I tried to compile with GCC inline assembly code which compiled fine with MSVC, but got the following errors for basic operations:
// var is a template variable in a C++ function
__asm__
{
mov edx, var //error: Register name not specified for %edx
push ebx //error: Register name not specified for %ebx
sub esp, 8 //error: Register name not specified for %esp
}
After looking through documentation covering the topic, I found out that I should probably convert (even if I am only interested in x86) Intel style assembly code to AT&T style. However, after trying to use AT&T style I got even more weird errors:
mov var, %edx //error: Expected primary-expression before % token
mov $var, edx //error: label 'LASM$$s' used but not defined
I should also note that I tried to use LLVM-GCC, but it failed miserably with internal errors after encountering inline assembly.
What should I do?
For Apple's gcc you want -fasm-blocks which allows you to omit gcc's quoting requirement for inline asm and also lets you use Intel syntax.
// test_asm.c
int main(void)
{
int var;
__asm__
{
mov edx,var
push ebx
sub esp,8
}
return 0;
}
Compile this with:
$ gcc -Wall -m32 -fasm-blocks test_asm.c -o test_asm
Tested with gcc 4.2.1 on OS X 10.6.
g++ inline assembler is much more flexible than MSVC, and much more complicated. It treats an asm directive as a pseudo-instruction, which has to be described in the language of the code generator.
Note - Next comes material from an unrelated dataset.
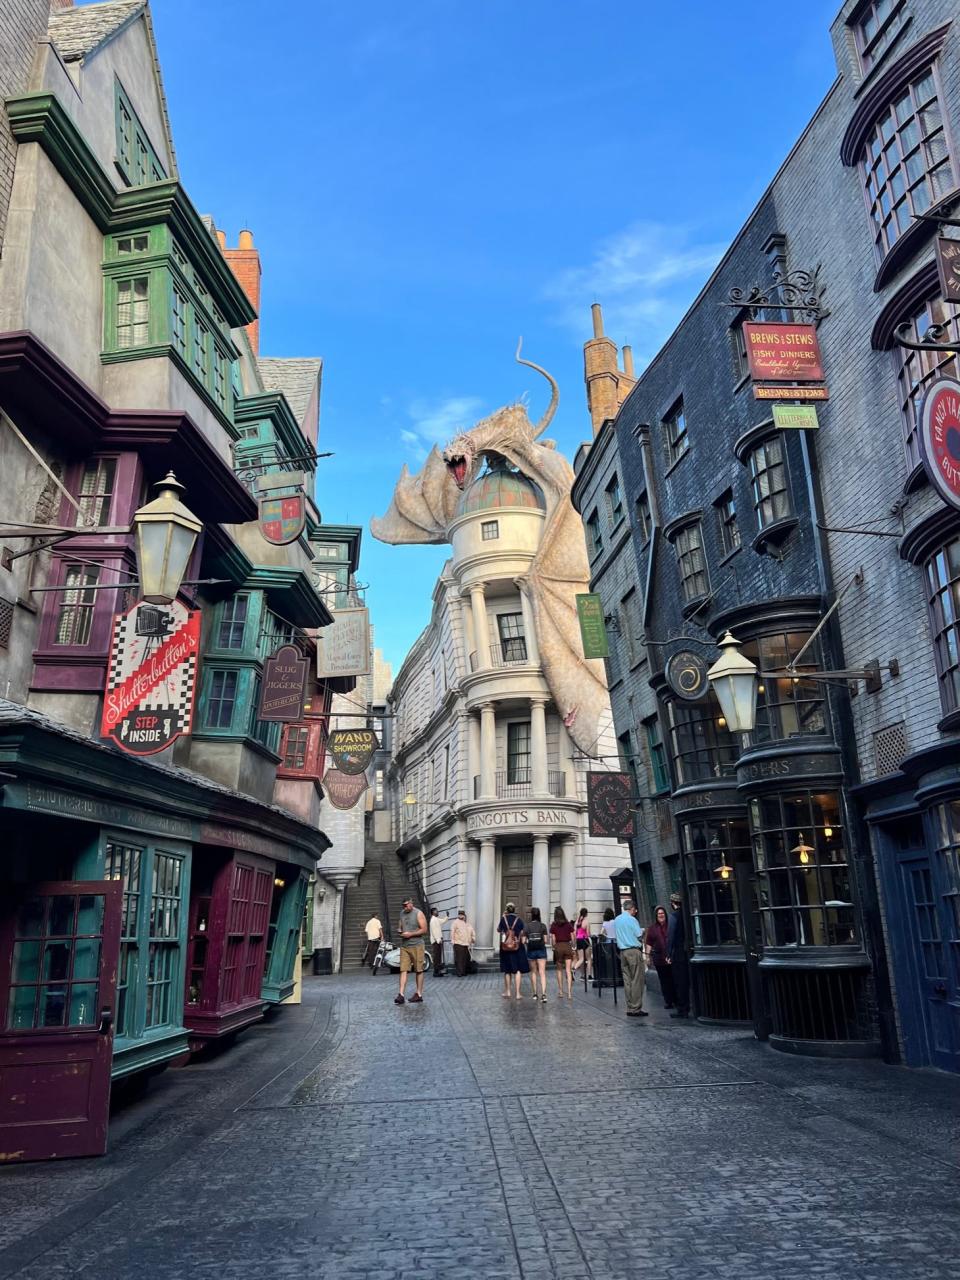 Only Universal Studios Florida's Wizarding World of Harry Potter invites guests to explore Diagon Alley.

Here is a working sample from my own code (for MinGW, not Mac):
// int BNASM_Add (DWORD* result, DWORD* a, int len)
//
// result += a
int BNASM_Add (DWORD* result, DWORD* a, int len)
{
int carry ;
asm volatile (
".intel_syntax\n"
" clc\n"
" cld\n"
"loop03:\n"
" lodsd\n"
" adc [edx],eax\n"
" lea edx,[edx+4]\n" // add edx,4 without disturbing the carry flag
" loop loop03\n"
" adc ecx,0\n" // Return the carry flag (ecx known to be zero)
".att_syntax\n"
: "=c"(carry) // Output: carry in ecx
: "d"(result), "S"(a), "c"(len) // Input: result in edx, a in esi, len in ecx
) ;
return carry ;
}
You can find documentation at http://gcc.gnu.org/onlinedocs/gcc/Extended-Asm.html#Extended-Asm.